Тогда мне было досадно. На первых порах я даже счел это за насмешку. Но теперь я с искренней благодарностью вспоминаю эту черту чисто русского сострадания к несчастному.
XX
После этого односуточного роздыха мы уже ехали без всяких остановок. Я помню то радостное чувство, которое всегда являлось прежде при воспоминании о Лене, теперь мало-помалу начало превращаться в какую-то тупую боль в сердце. Как будто кто-то вдруг сожмет его изо всей силы.
Напрасно я старался себя успокоить, что ничего особенного не случилось, что мало ли какие могут встретиться задержки в пути, что все пройдет, и новая туча также рассеется, и снова настанет ясный день. Внутренняя, постоянная, мучительная тревога не давала мне покоя.
Я помню, как на какой-то станции вечером я вышел, шатаясь вошел в комнату и прилег на жесткий диван!
Не помню, сколько я пролежал на нем. Кажется, меня будили, но только помню, что я катился с какой-то горы и при каждом повороте меня обдавал горячий порыв ветра.
Когда я очнулся, то очутился на стуле, и первое, что бросилось мне в глаза, это тонкая струйка крови, которая била фонтаном из моей левой руки. Вокруг меня стояли люди, но кто именно – я не мог разобрать. Какой-то голос громко сказал:
– Это просто жаром его разморило. Жаркий дух, значит, ему в голову вдарил.
Когда я совершенно пришел в себя и в голове моей прояснилось, только тогда я понял, что мне пускал кровь какой-то случайно подвернувшийся фельдшер или цирульник.
Не знаю, на вред или на пользу послужило мне это кровопускание, но после него я почувствовал сильный упадок сил, и все для меня превратилось в какой-то сон. Все воспоминания и даже дорогая моя Лена отодвинулись куда-то далеко, вглубь, в далеко минувшее прошлое. Я ничего не желал, ни о чем не думал, я просто лежал в полузабытьи на груди или на плече моего спутника, который бережно поддерживал меня, как добрая нянька, и только пересаживался то справа, то слева по мере того, как уставала и затекала его рука.
– Вон, – говорил он, указывая рукой, – и Бештау выглянула. Вон, вон поправке означат…

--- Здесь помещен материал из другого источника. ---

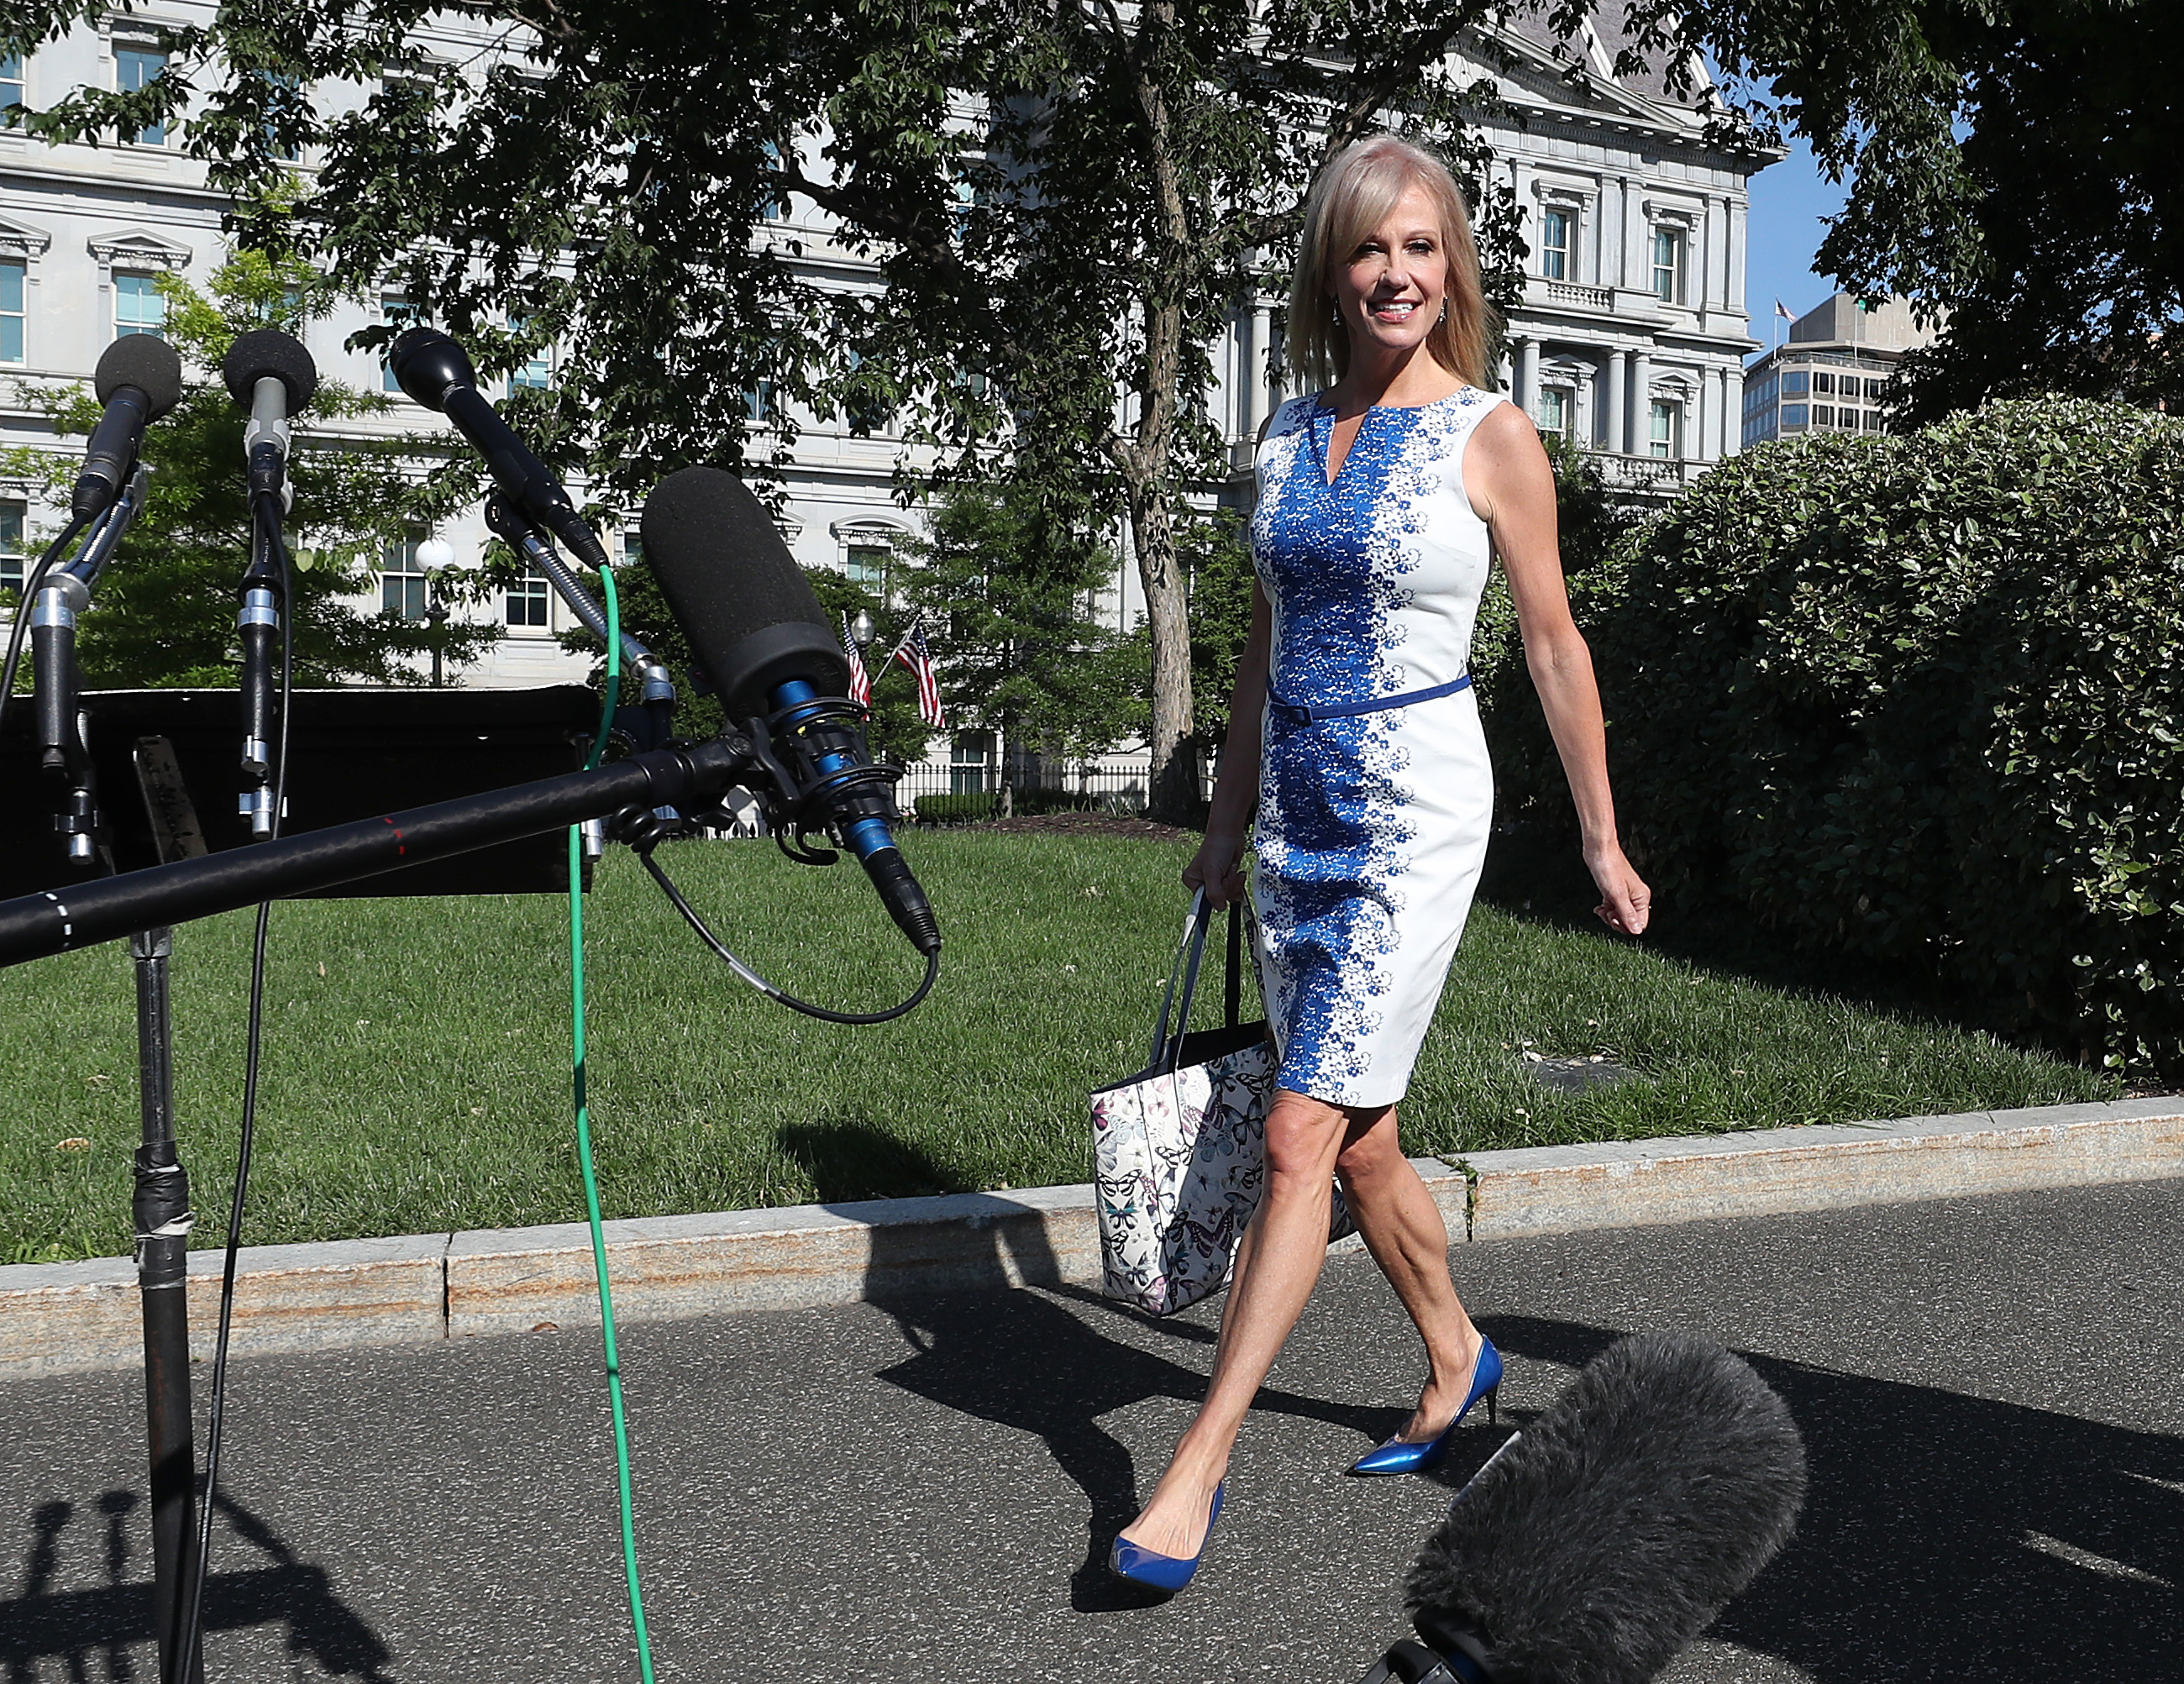 WASHINGTON, DC - JUNE 24: White House Counselor Kellyanne Conway walks up to the media after appearing on a morning talk show on the North Lawn of the White House, on June 24, 2019 in Washington, DC. Conway has been under fire for allegedly violating the Hatch Act. (Photo by Mark Wilson/Getty Images)
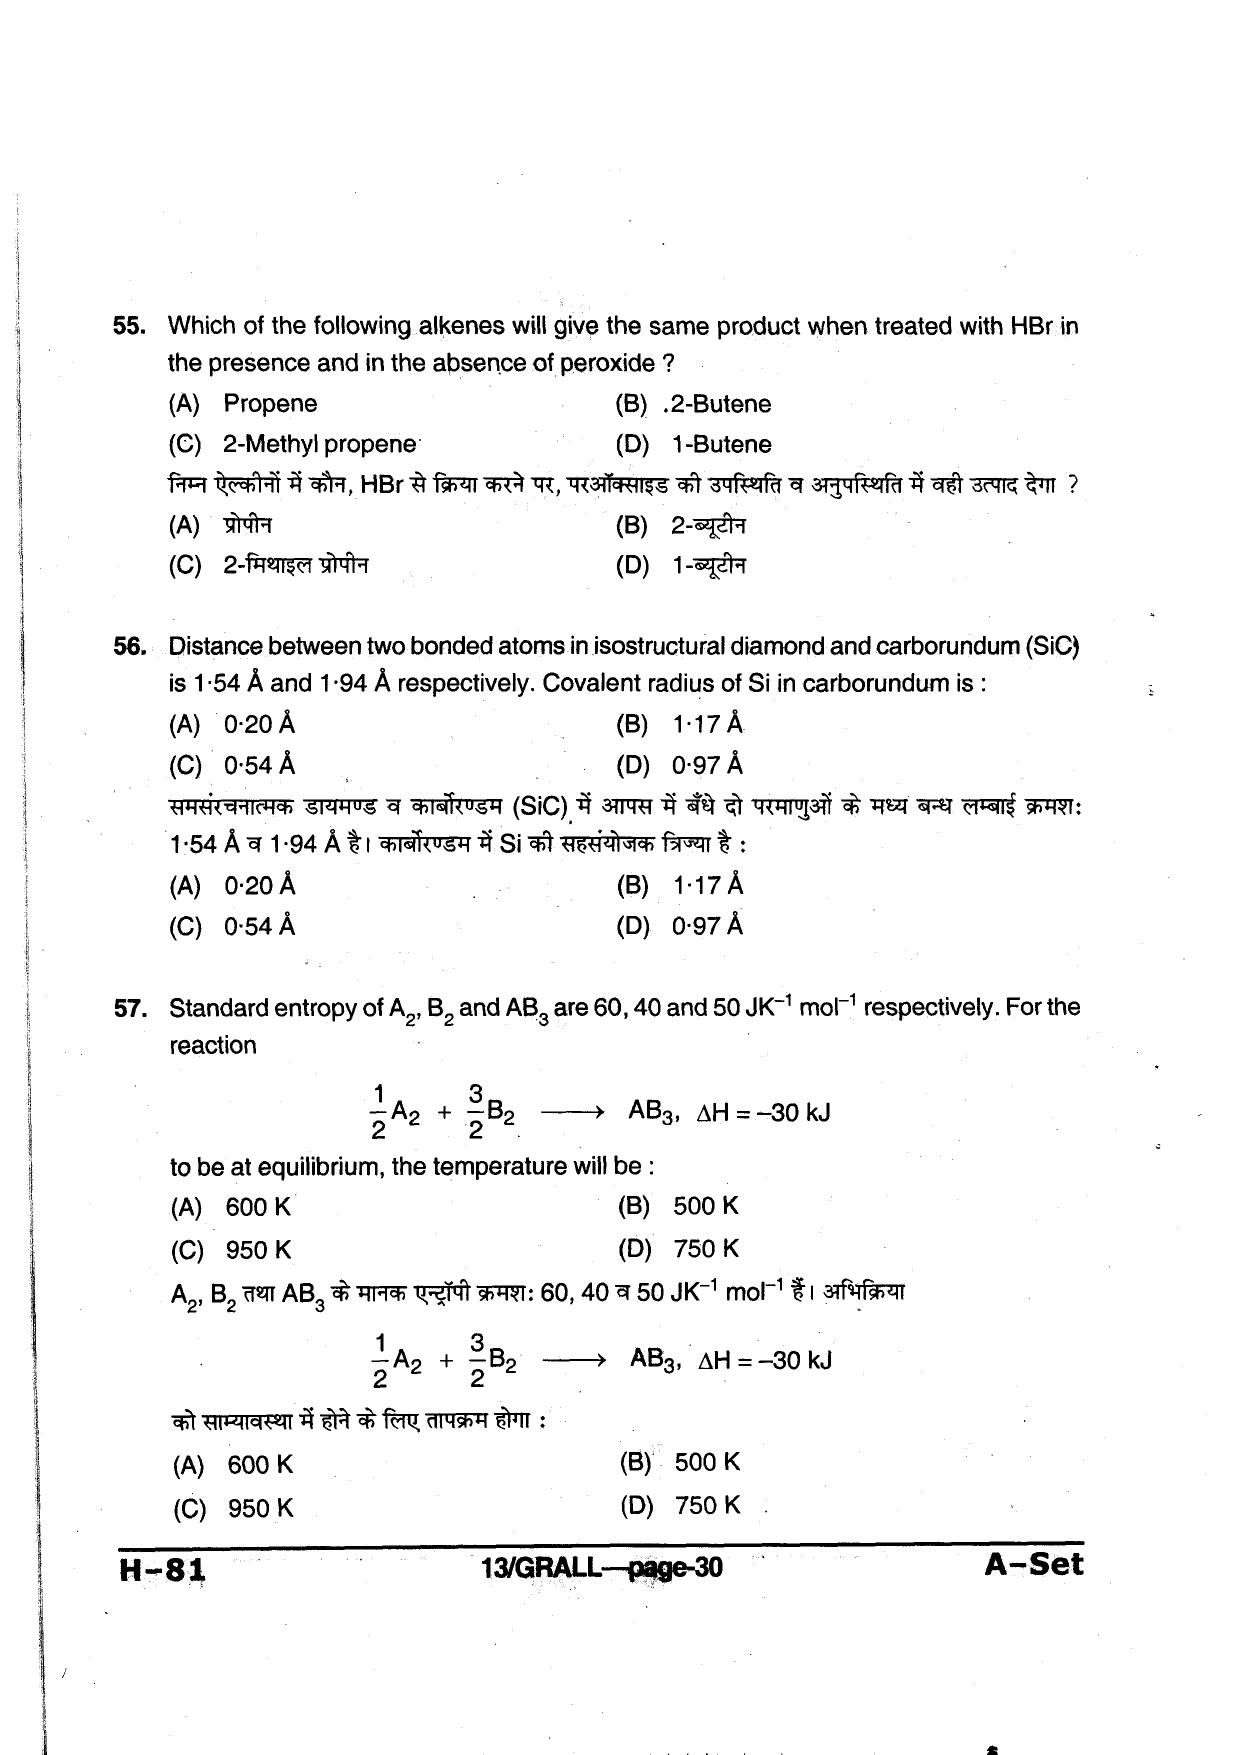 MP PAT 2013 Question Paper - Paper I - Page 30

Но я ничего не понимал. Я чувствовал только, как горный воздух освежительно веял на мою голову.
А тройка неизменно неслась вперед, колокольчик звенел. Меня пересаживали, или, правильно говоря, переносили, как куклу, с телеги на телегу, и постоянно в ушах стоял глухой шум, точно журчанье воды, и постоянное, тяжелое, полудремотное состояние томило меня.
XXI
Сколько времени мы ехали, я не знаю. Но, кажется, под конец спутники мои сильно спешили. Они усерднее кричали на станциях, ожесточеннее погоняли ямщиков, пуская в ход не только кулаки, но и ножны палашей. Одним словом, мы летели по-фельдъегерски.
Не знаю почему, но я за несколько часов, чуть не за полсутки начал предчувствовать конец пути. Вероятно, это предчувствие сложилось само собой из обрывков разговоров, которые смутно доходили до моего больного сознания.
Я дремал, когда мы въехали в небольшую крепостцу, выстроенную на скалистых обрывах.
Было уже темно, и накрапывал довольно частый дождь, когда телега остановилась у ворот крепостцы, и я сквозь долившую меня дремоту услыхал кричавший подле меня голос:
– Тобе кажут, что по Высочайшему именному повелению, а ты кажишь, бисов сын, что нельзя отворить ворота. Э! Дурень! Дурень!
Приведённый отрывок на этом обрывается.